I’ve had horses go over the top of me at a gate when I’ve been trying to get my horse out. It happens. Horses are sentient beings and their behaviour can change on any given day.

However I’ve given chase with mine in tow and got them back in the field or safely to the yard to be caught. Accidents do happen  and unless you were there to witness this happening then I think there will be a bit of your mind adding things as it’s a potential dangerous situation.

Novice people do novice things it’s to be expected. It’s not great but maybe if the YO had some rules about feeding in gateways and treating then this wouldn’t have happened.


----------



## zandp (15 May 2020)

There's a group about bad livery yards and debtors and there are a few posts about this from a few sides.  Importantly the horse that was kicked has been seen by a vet and is in rehab and his owner's not on this yard anymore which would seem to please everyone.


----------



## PurBee (15 May 2020)

I went with a girl to her livery yard to bring in her horse. We passed one gate crowded with horses waiting to be brought in, she said the 2 geldings at the front of the gate were brothers and aggressive and glad she didnt have to bring in her horse from there. I shuddered to think who could ever cope with such a situation, daily, having to deal with horses barging around gates, excited to be brought in and fed.
i’ve never liveried a horse but read this is common practice, and its no surprise to me these incidents happen. Its bound to happen, no matter the experience. 

There's a fair few liveries that now offer individual paddocks so i presume this is in response to large shared fields and field gate barging incidents happening over the years.


----------



## Kat (15 May 2020)

On our yard it is a condition of the insurance that there is a gate that is kept closed to prevent access to the road. I wouldn't keep my horse anywhere that was open to the road. 

We have mainly settled sensible horses handled by responsible adults but we have had a couple of unfortunate escapes and the yard gate means there is no panic and the risks are reduced. 

Having said that as the horses are only fed in their stables so if they escape they tend to head either for their stable or for the lush grassy verge on the track outside the fields.


----------



## Auslander (15 May 2020)

Kat said:



			Having said that as the horses are only fed in their stables so if they escape they tend to head either for their stable or for the lush grassy verge on the track outside the fields.
		
Click to expand...

This made me laugh, as we had an escapee last week. She could've had a fabulous time running amok, but she ambled quietly towards her stable


----------



## DabDab (15 May 2020)

With horses loose and dangerous areas in both directions, the very last thing I would want is someone with their adrenaline up taking chase after them. Particularly when the one horse they do have hold of is injured with no safe place to put them out of the way.


----------



## Pinkvboots (15 May 2020)

I don't really see the point of this post no horses were injured and the livery that let them out has left, what is there to talk about if you don't like the field set up and feel it's dangerous just go somewhere else.

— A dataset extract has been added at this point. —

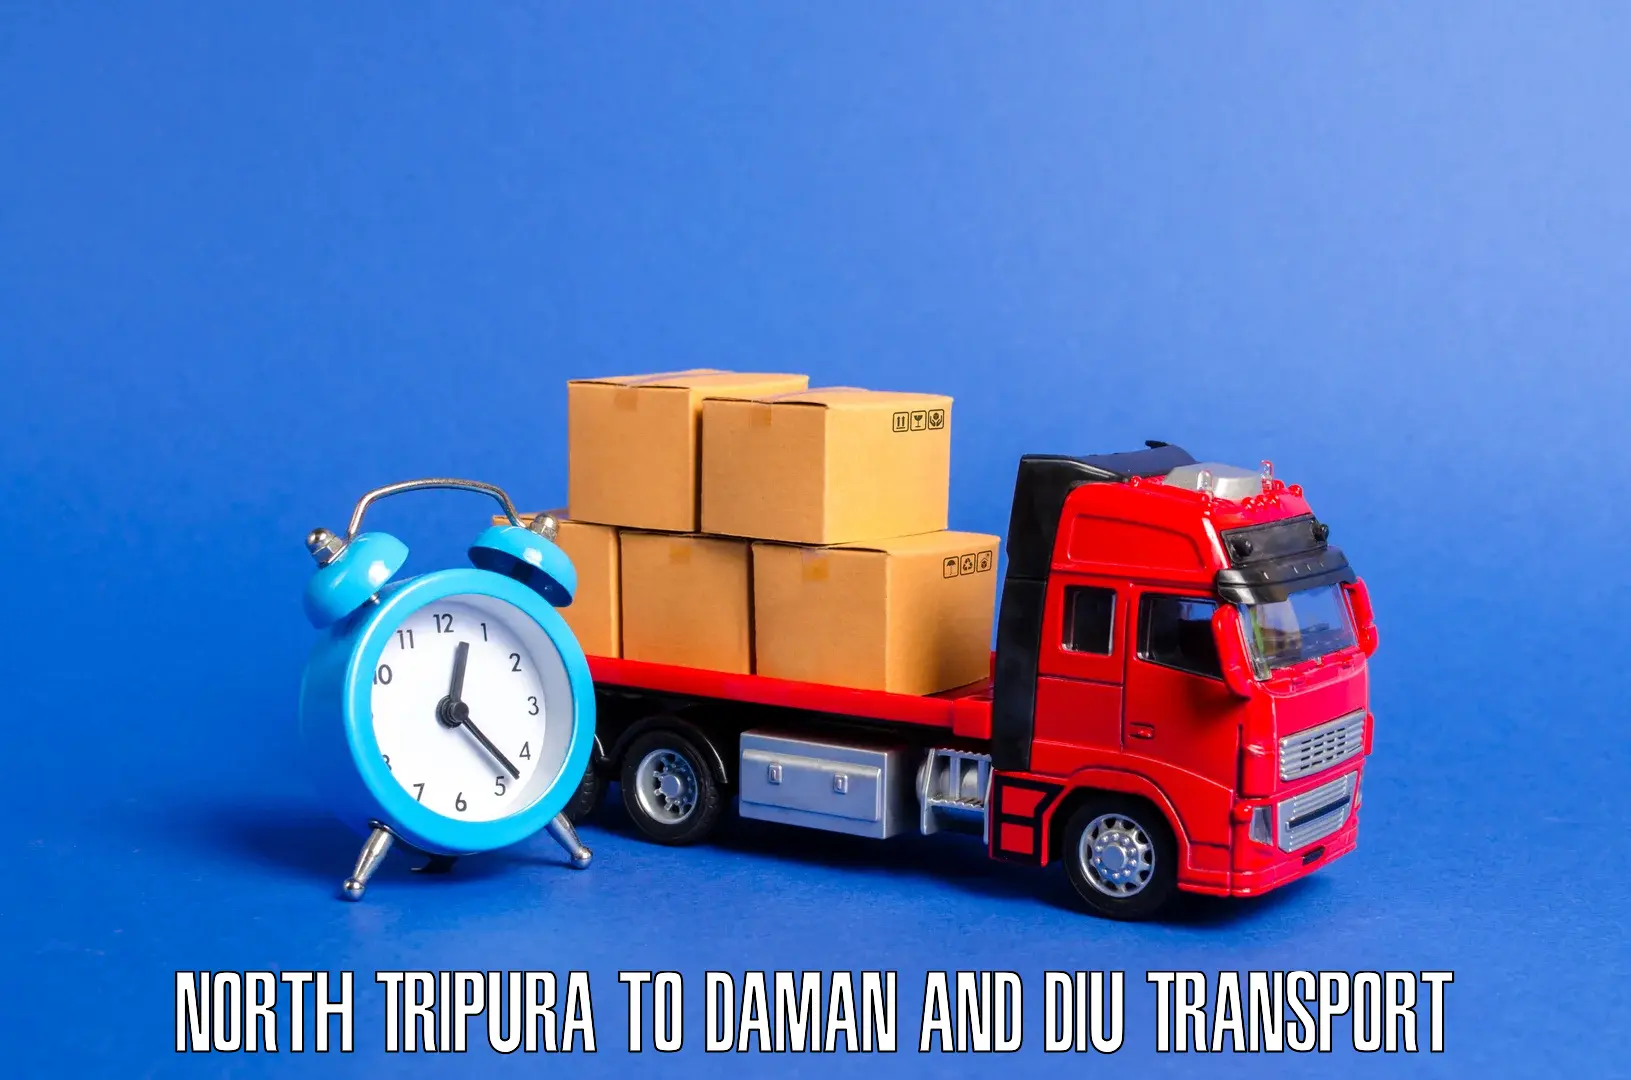 Vehicle transport services in North Tripura to Diu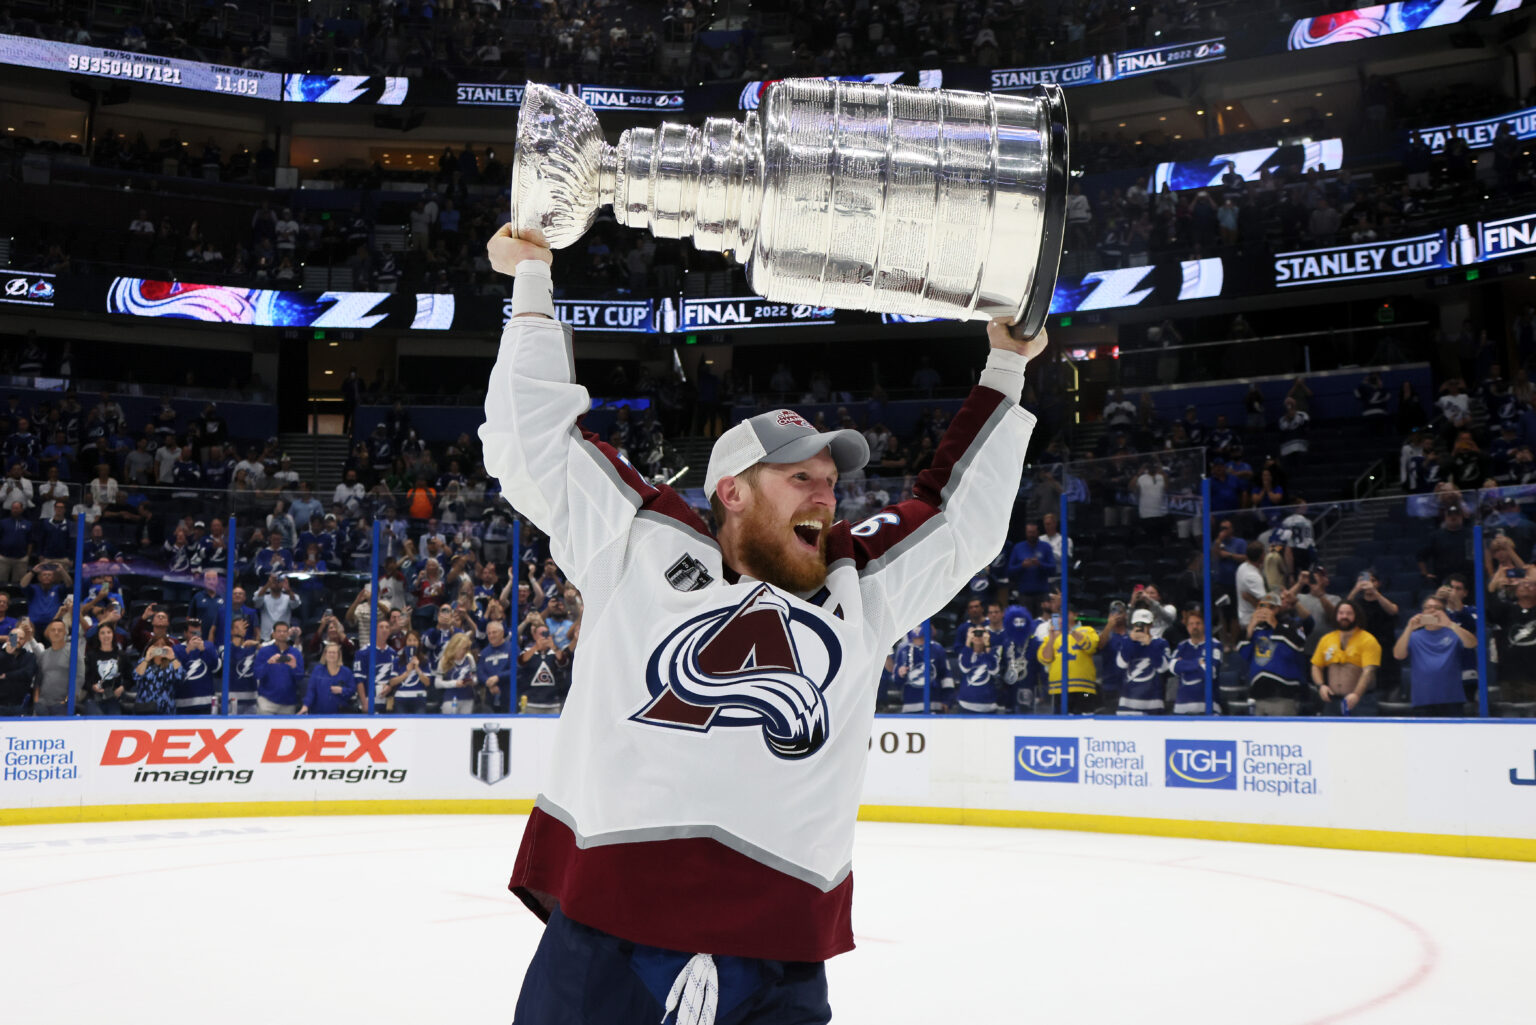 Avalanche Ticket Prices Surged After the Stanley Cup Win

I also feel any one that goes to a field full of horses with feed buckets is asking for trouble any way, it's obvious they are all going to want to come out having spotted a feed bowl.


----------



## 9tails (15 May 2020)

Pinkvboots said:



			I don't really see the point of this post no horses were injured and the livery that let them out has left, what is there to talk about if you don't like the field set up and feel it's dangerous just go somewhere else.

I also feel any one that goes to a field full of horses with feed buckets is asking for trouble any way, it's obvious they are all going to want to come out having spotted a feed bowl.
		
Click to expand...

The point is that the OP has a platform for showcasing the perceived numptiness of the new girl with a certain amount of glee.  FWIW, I wouldn't be chasing after 7 big bolshy horses that I didn't know.


----------



## ycbm (15 May 2020)

zandp said:



			There's a post about this on a group for bad livery yards on Facebook - so I've read the other side.  You can't claim against the livery but the yard owner - yes.
		
Click to expand...

I don't see how you can take a claim against the yard owner when you willingly keep your horse under those conditions.  

.


----------



## Gloi (15 May 2020)

This sounds an accident waiting to happen. The easiest and cheapest thing would be to make an electric fenced pen in the field round the gateway to get the horses coming in/out into before opening the field gate.


----------



## Pinkvboots (15 May 2020)

9tails said:



			The point is that the OP has a platform for showcasing the perceived numptiness of the new girl with a certain amount of glee.  FWIW, I wouldn't be chasing after 7 big bolshy horses that I didn't know.
		
Click to expand...

I think your right it seems people get great pleasure from this sort of thing basically spouting crap on a public forum


----------



## ester (15 May 2020)

nail, head 9tails.


----------



## Firefly9410 (15 May 2020)

I am totally shocked at how a lot of people have responded on this thread. I see it as the OP is worried for the future not looking for revenge. Like if her horse got loose on the main road and caused a car crash and somebody sued her she could be bankrupt and lose her home if she owns one. As for the yard set up being less than ideal I agree but also wondering what planet most of you live on because 90% of the yards I have viewed or liveried on have been like this even the more expensive ones. IME coralls around gateways are not normal or usual and main gate if there is one is usually permanently open except nights.


----------



## zandp (15 May 2020)

ycbm said:



			I don't see how you can take a claim against the yard owner when you willingly keep your horse under those conditions. 

.
		
Click to expand...

Because from what i understand the YO hasn't provided a safe environment for the horses to come in/out of the gate.  The OP is looking to claim against the livery who was in an accident apparently, if there is any claim - which you've got to seriously doubt.  Shit like this happens with horses.  It's happened to mine and I didn't sue, just dealt with the injuries.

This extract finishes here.